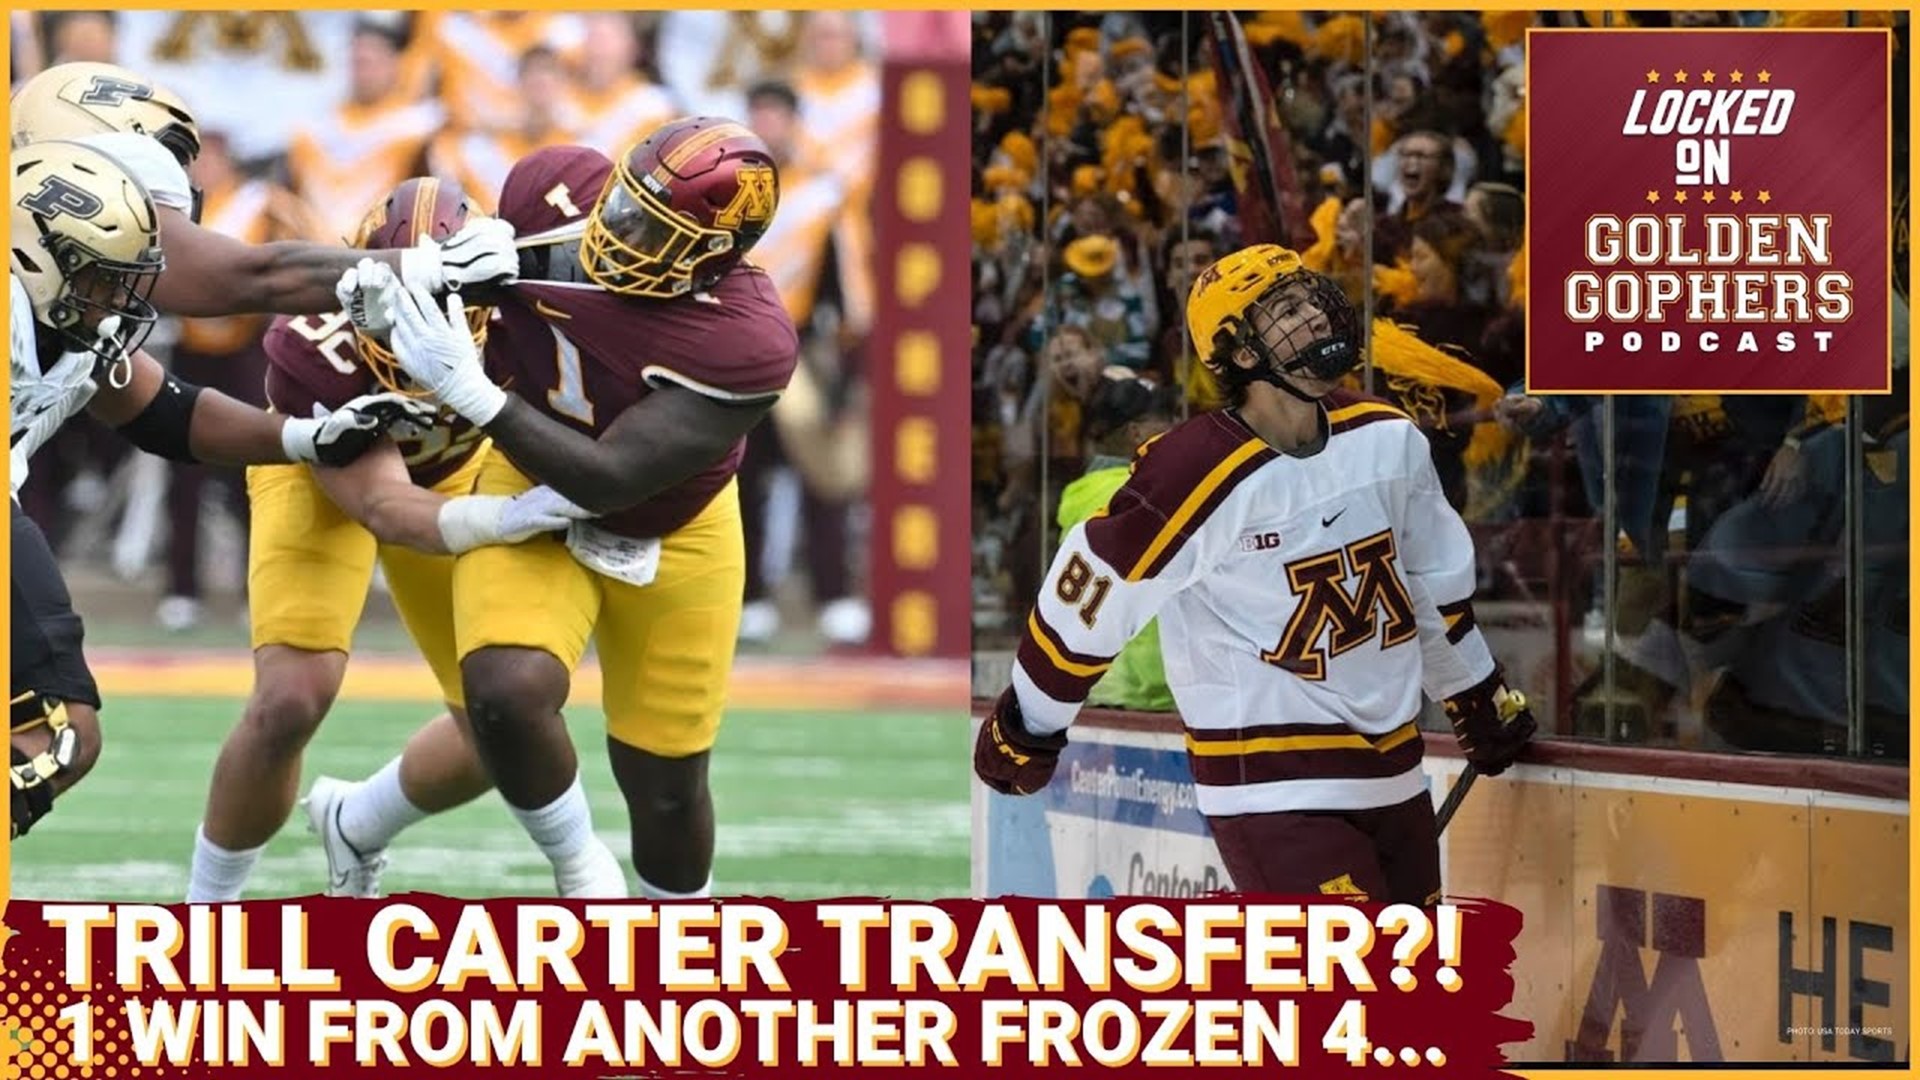 Today we discuss yet another transfer portal departure for Gophers sports.
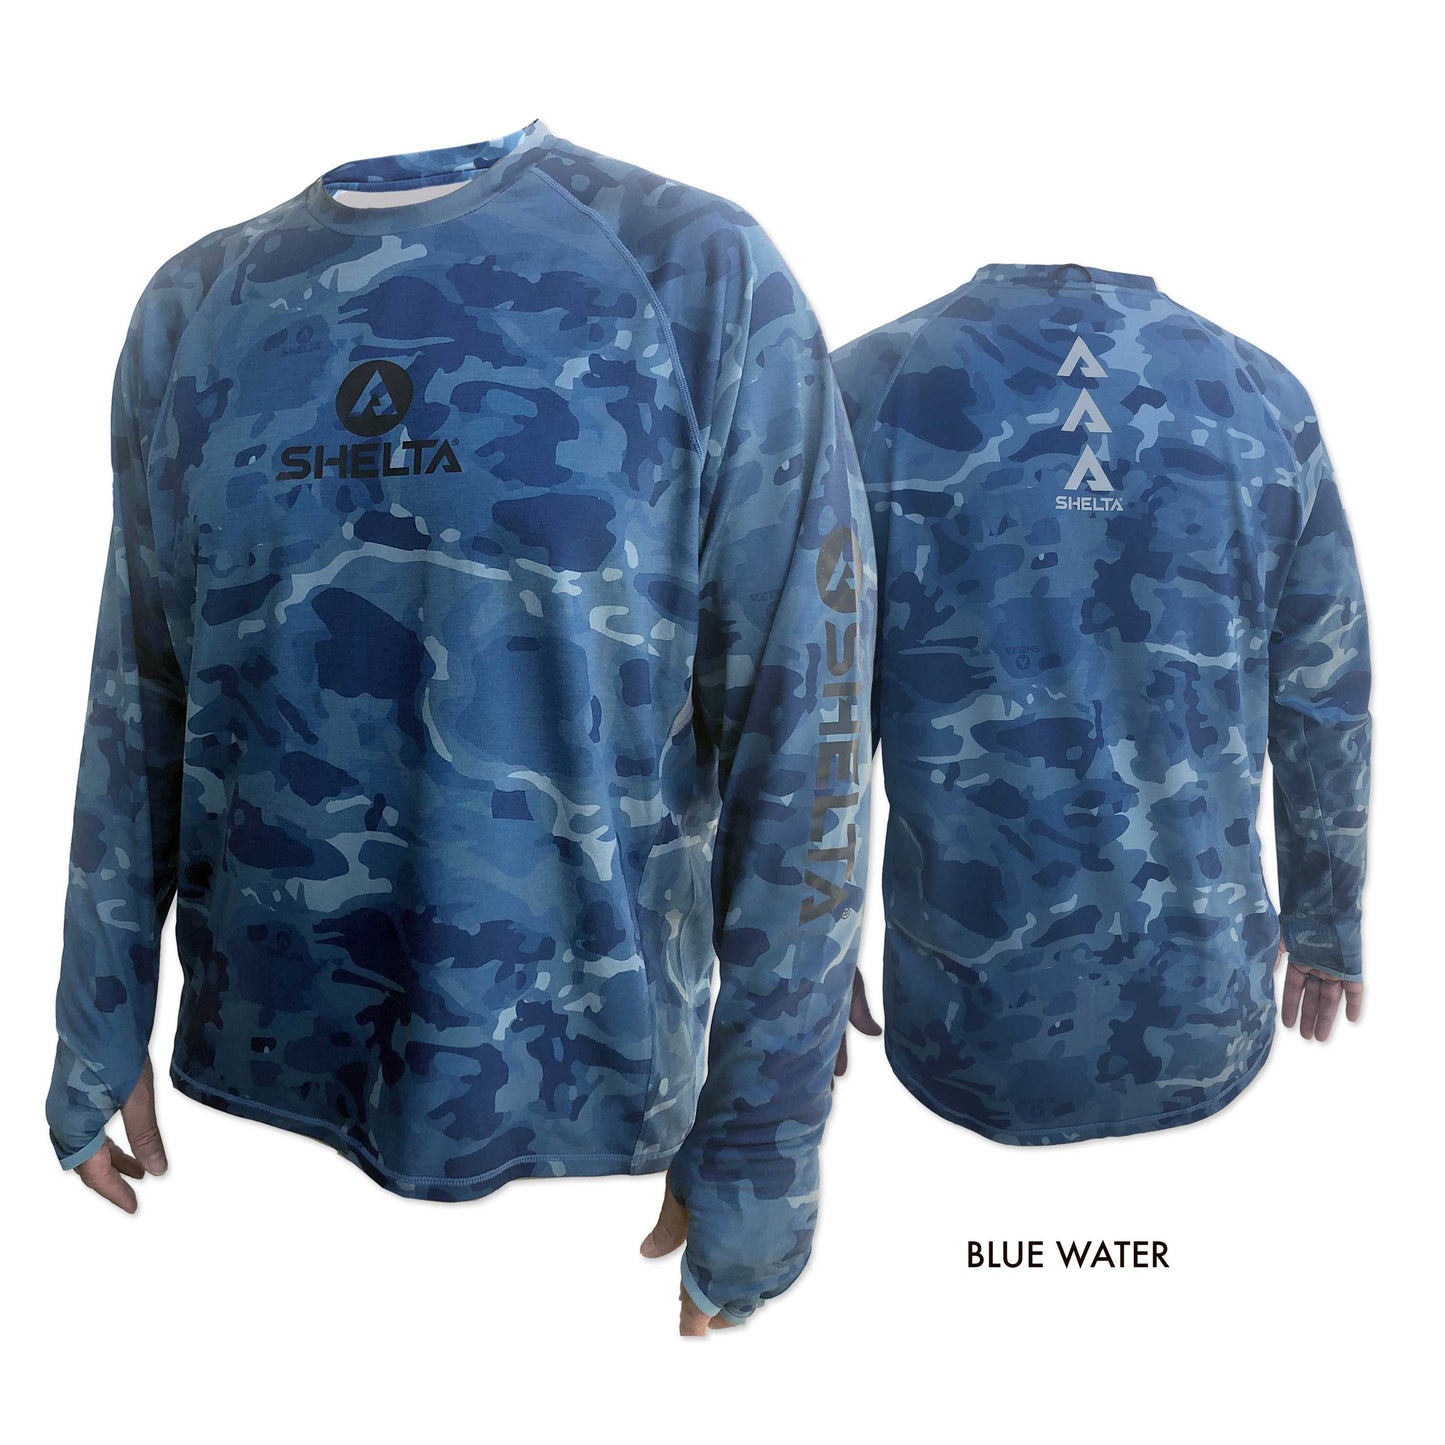 The Aquaterra Crew neck  in Blue Water is engineered & built with sun protection, function, and durability in mind.  Truly amphibious these technical tops work as well in the water as on land.  Offering features consistent with Shelta core values and innovation goals.   UPF 50+ UV protection, the highest rating given.  Blocks 98% of UVA/UVB radiation.
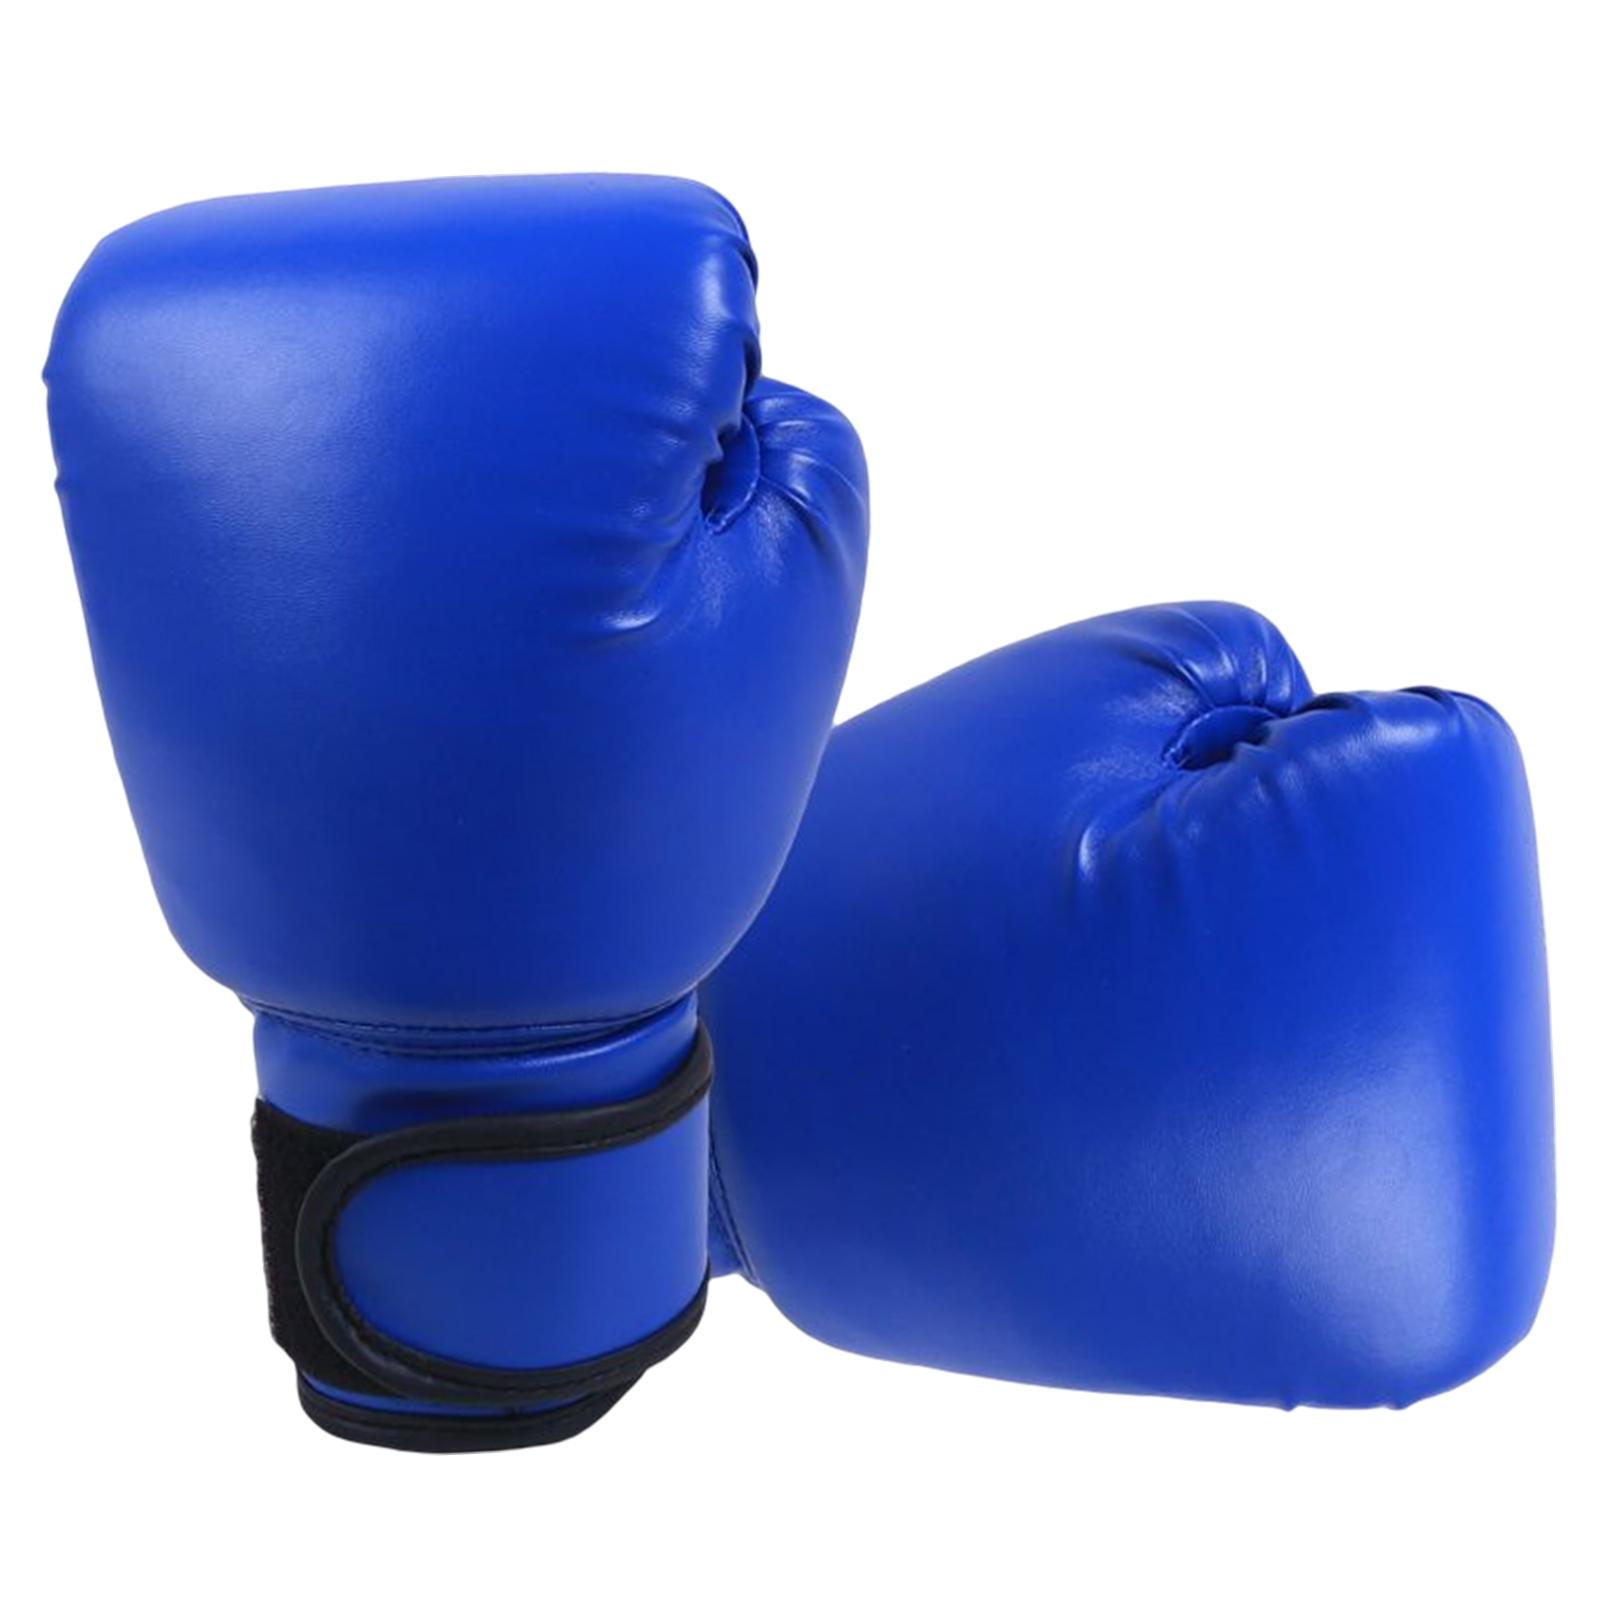 Boxing Gloves boxeo en tailandia Thai Kick Boxing Leather Sparring Heavy Bag Workout MMA Gloves   Adult and Children

────

TASK DIRECTIONS: Could you transcribe all of the data exactly, keeping every picture out of the copy?

ANSWER TO THE PROBLEM:
 Today we discuss yet another transfer portal departure for Gophers sports.
 The Aquaterra Crew neck  in Blue Water is engineered & built with sun protection, function, and durability in mind.  Truly amphibious these technical tops work as well in the water as on land.  Offering features consistent with Shelta core values and innovation goals.   UPF 50+ UV protection, the highest rating given.  Blocks 98% of UVA/UVB radiation.
 Boxing Gloves boxeo en tailandia Thai Kick Boxing Leather Sparring Heavy Bag Workout MMA Gloves   Adult and Children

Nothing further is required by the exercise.